Matti Schneider edited this page Nov 15, 2022 · 1 revision

Goals

Publishing a manually reviewed and cleaned dataset enables:

  1. improving its quality;
  2. documenting its limitations;
  3. reusing it easily;
  4. if so wished, stopping maintaining the instance that produces it.

Problem definition

Along the life of an instance, unsatisfactory versions of documents might be extracted from snapshots. For example, they might be changes unrelated to terms, or empty documents, or change language… Such unsatisfactory versions decrease the value of the dataset: it becomes impossible to measure the actual number of changes, for example.

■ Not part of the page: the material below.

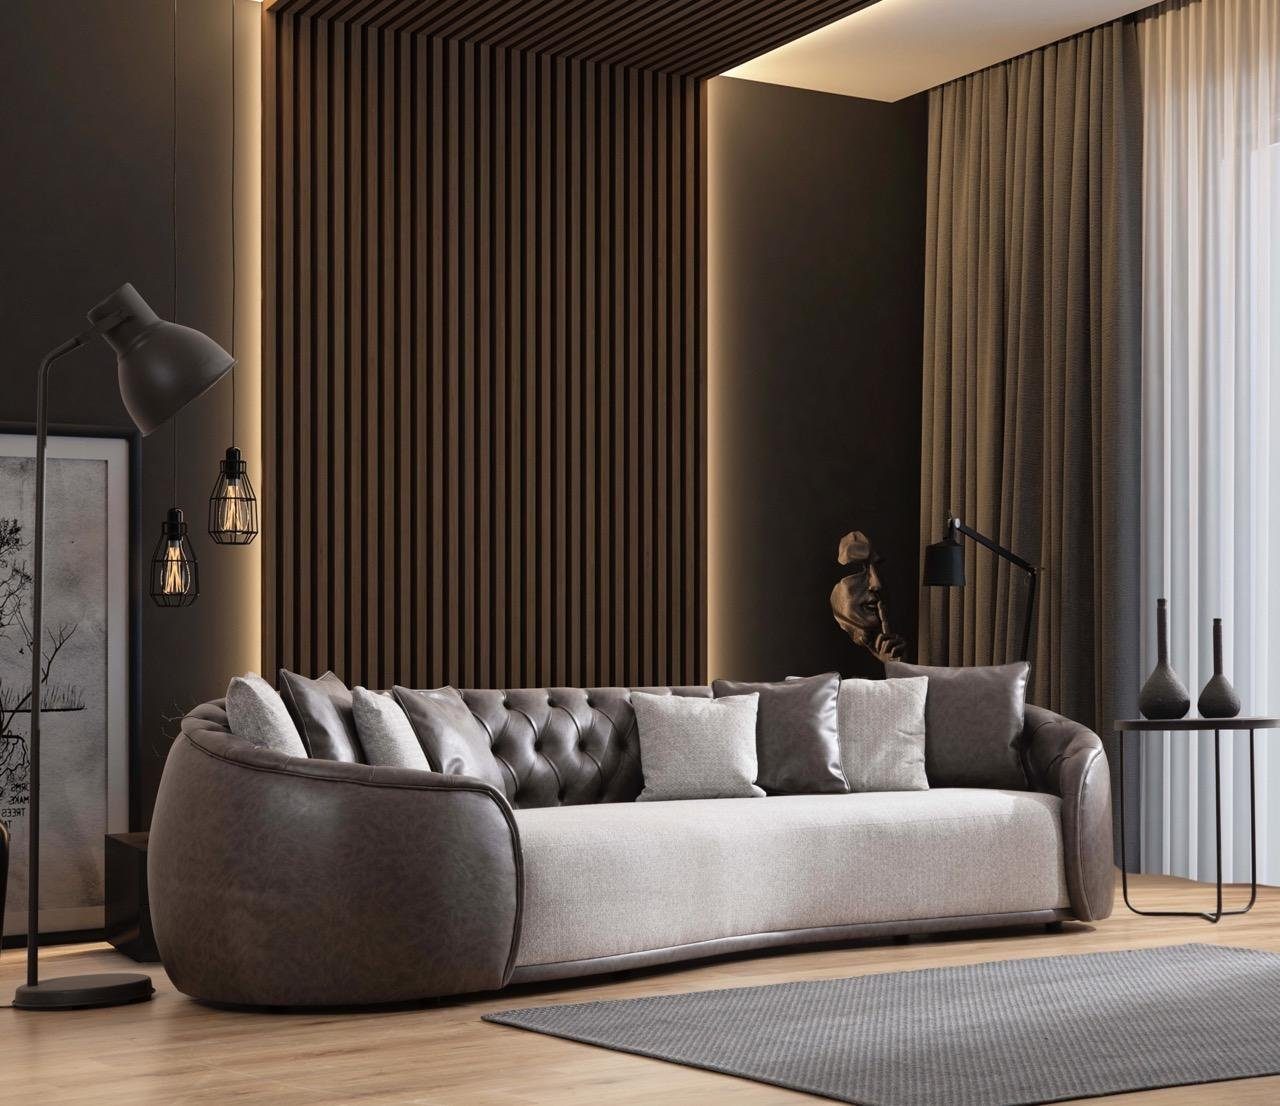 JVmoebel Sofa Luxus Sofa 3 Sitzer Wohnzimmer Kanzlei Möbel, Made in Europe

Reviewing and cleaning the dataset entails correcting the history of declarations, identifying some snapshots to skip, and extracting new versions from the snapshots based on this information. In the end, the whole versions history will be rewritten and overwritten. The declarations will be completed. All the original snapshots are left unchanged and the previous state of the versions is still available, allowing auditability.

Process

  • Iterate on every service
  • Iterate on every document type
  • Iterate on every snapshot
  • Extract version
    • This will automatically erase refilters. Indeed, refilters are only historical artifacts: they correct a version that should not have been recorded as it was in the first place.
  • If the version cannot be generated:
    • If the snapshot is unexploitable, skip it. A snapshot is unexploitable if it does not contain the tracked document. We have encountered so far:
      • Empty content
      • Botwall
      • Loginwall
      • Cookiewall
      • Server error
      • Exception: if the provider is in a certain manner unable to provide the document to its expected audience, and not only to Open Terms Archive, this should be tracked (e.g. undergoing maintenance)
    • If the snapshot is exploitable, correct declaration. Potential reasons are:
      • Some selector is wrong. Usually, that means the history date for applying that selector is wrong (otherwise the declaration was wrong from the beginning). Take the fetchDate of the last snapshot that does not fail to generate a version as validUntil
  • If the generated version markup differs significantly, remove changes that do not reflect a change in the document content itself.
    • We have encountered so far:
      • Switching list styles (ordered to unordered list)
      • Switching between mobile and desktop pages
      • Switching between geographic region-optimised layouts
      • Switching between languages (934bddb9cdf40e7c53b5c43d0db3dc393e2a2eb4)
      • Switching between different browser-optimised layouts
      • Note: these should happen less and less as:
        • The Core is optimised to minimise such changes (single user agent)
        • Deployment is optimised to minimise such changes (single well-known IP)
        • Operations are optimised to minimise such changes (single process instead of parallel, decreasing the number of requests)
    • Known tactics, by order of preference:
      1. Declare both layouts in the same declaration
        • By using mutually exclusive selectors where each is applicable only in one case, yet the combination covers all cases
      2. Unify markup with filters (e.g. unwrap final destination URL of a link from a query parameter, replace some tags by others…)
      3. Skip the snapshot entirely (e.g. alternating between mobile and desktop pages). Choosing which ones to skip in the alternative is done with the following constraints:
        1. Maximise version quality (more markup, better readability)
        2. Maximise frequency (at least one version a day)
        3. Minimise changes to declaration
        4. Minimise declaration complexity
  • Review versions and apply some sanity checks
    • Add filters